Records from a dataset:
####

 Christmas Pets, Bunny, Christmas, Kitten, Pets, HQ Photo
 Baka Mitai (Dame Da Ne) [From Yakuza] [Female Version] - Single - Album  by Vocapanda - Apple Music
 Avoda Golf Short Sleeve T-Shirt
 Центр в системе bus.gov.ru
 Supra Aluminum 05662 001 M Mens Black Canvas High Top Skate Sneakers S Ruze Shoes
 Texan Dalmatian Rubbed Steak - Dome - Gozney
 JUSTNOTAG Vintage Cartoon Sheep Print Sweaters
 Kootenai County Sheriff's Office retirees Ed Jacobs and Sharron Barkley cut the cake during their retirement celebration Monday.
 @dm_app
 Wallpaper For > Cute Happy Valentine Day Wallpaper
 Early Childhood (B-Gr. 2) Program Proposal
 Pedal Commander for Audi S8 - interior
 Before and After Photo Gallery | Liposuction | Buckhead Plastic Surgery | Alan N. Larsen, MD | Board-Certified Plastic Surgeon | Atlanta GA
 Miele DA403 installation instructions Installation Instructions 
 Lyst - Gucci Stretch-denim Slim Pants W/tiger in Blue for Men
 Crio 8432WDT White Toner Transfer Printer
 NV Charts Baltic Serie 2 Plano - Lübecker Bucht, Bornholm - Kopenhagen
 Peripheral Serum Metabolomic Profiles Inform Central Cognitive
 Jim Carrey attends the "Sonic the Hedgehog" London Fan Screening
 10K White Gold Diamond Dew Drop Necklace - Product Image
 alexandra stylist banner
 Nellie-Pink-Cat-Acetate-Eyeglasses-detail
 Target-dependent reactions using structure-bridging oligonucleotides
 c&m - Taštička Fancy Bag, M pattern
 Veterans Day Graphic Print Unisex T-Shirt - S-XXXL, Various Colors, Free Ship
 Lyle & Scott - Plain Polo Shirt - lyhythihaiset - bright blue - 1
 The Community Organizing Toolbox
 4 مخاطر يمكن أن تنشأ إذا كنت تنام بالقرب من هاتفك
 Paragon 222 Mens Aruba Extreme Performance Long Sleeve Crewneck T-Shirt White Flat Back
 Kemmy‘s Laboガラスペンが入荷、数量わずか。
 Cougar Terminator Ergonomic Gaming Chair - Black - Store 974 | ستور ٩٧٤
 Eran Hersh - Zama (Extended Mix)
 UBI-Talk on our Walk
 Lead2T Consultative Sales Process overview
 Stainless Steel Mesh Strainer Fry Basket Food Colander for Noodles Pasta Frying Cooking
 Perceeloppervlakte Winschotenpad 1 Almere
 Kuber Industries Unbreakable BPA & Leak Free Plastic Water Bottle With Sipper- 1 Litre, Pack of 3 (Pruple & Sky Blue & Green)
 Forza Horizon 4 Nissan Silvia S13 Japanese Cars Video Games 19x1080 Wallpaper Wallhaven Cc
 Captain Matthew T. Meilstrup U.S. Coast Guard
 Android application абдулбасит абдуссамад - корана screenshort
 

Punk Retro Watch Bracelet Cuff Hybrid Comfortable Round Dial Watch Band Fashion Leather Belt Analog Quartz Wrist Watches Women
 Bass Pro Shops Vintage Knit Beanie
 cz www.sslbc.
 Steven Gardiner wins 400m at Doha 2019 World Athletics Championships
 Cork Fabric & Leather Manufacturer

####

TASK REQUIREMENTS:
Reproduce exactly the entries above, limited to the lines from the one with "NV Charts Baltic" through the one with "Android application абдулбасит", both included.

WRITTEN REPLY:
 NV Charts Baltic Serie 2 Plano - Lübecker Bucht, Bornholm - Kopenhagen
 Peripheral Serum Metabolomic Profiles Inform Central Cognitive
 Jim Carrey attends the "Sonic the Hedgehog" London Fan Screening
 10K White Gold Diamond Dew Drop Necklace - Product Image
 alexandra stylist banner
 Nellie-Pink-Cat-Acetate-Eyeglasses-detail
 Target-dependent reactions using structure-bridging oligonucleotides
 c&m - Taštička Fancy Bag, M pattern
 Veterans Day Graphic Print Unisex T-Shirt - S-XXXL, Various Colors, Free Ship
 Lyle & Scott - Plain Polo Shirt - lyhythihaiset - bright blue - 1
 The Community Organizing Toolbox
 4 مخاطر يمكن أن تنشأ إذا كنت تنام بالقرب من هاتفك
 Paragon 222 Mens Aruba Extreme Performance Long Sleeve Crewneck T-Shirt White Flat Back
 Kemmy‘s Laboガラスペンが入荷、数量わずか。
 Cougar Terminator Ergonomic Gaming Chair - Black - Store 974 | ستور ٩٧٤
 Eran Hersh - Zama (Extended Mix)
 UBI-Talk on our Walk
 Lead2T Consultative Sales Process overview
 Stainless Steel Mesh Strainer Fry Basket Food Colander for Noodles Pasta Frying Cooking
 Perceeloppervlakte Winschotenpad 1 Almere
 Kuber Industries Unbreakable BPA & Leak Free Plastic Water Bottle With Sipper- 1 Litre, Pack of 3 (Pruple & Sky Blue & Green)
 Forza Horizon 4 Nissan Silvia S13 Japanese Cars Video Games 19x1080 Wallpaper Wallhaven Cc
 Captain Matthew T. Meilstrup U.S. Coast Guard
 Android application абдулбасит абдуссамад - корана screenshort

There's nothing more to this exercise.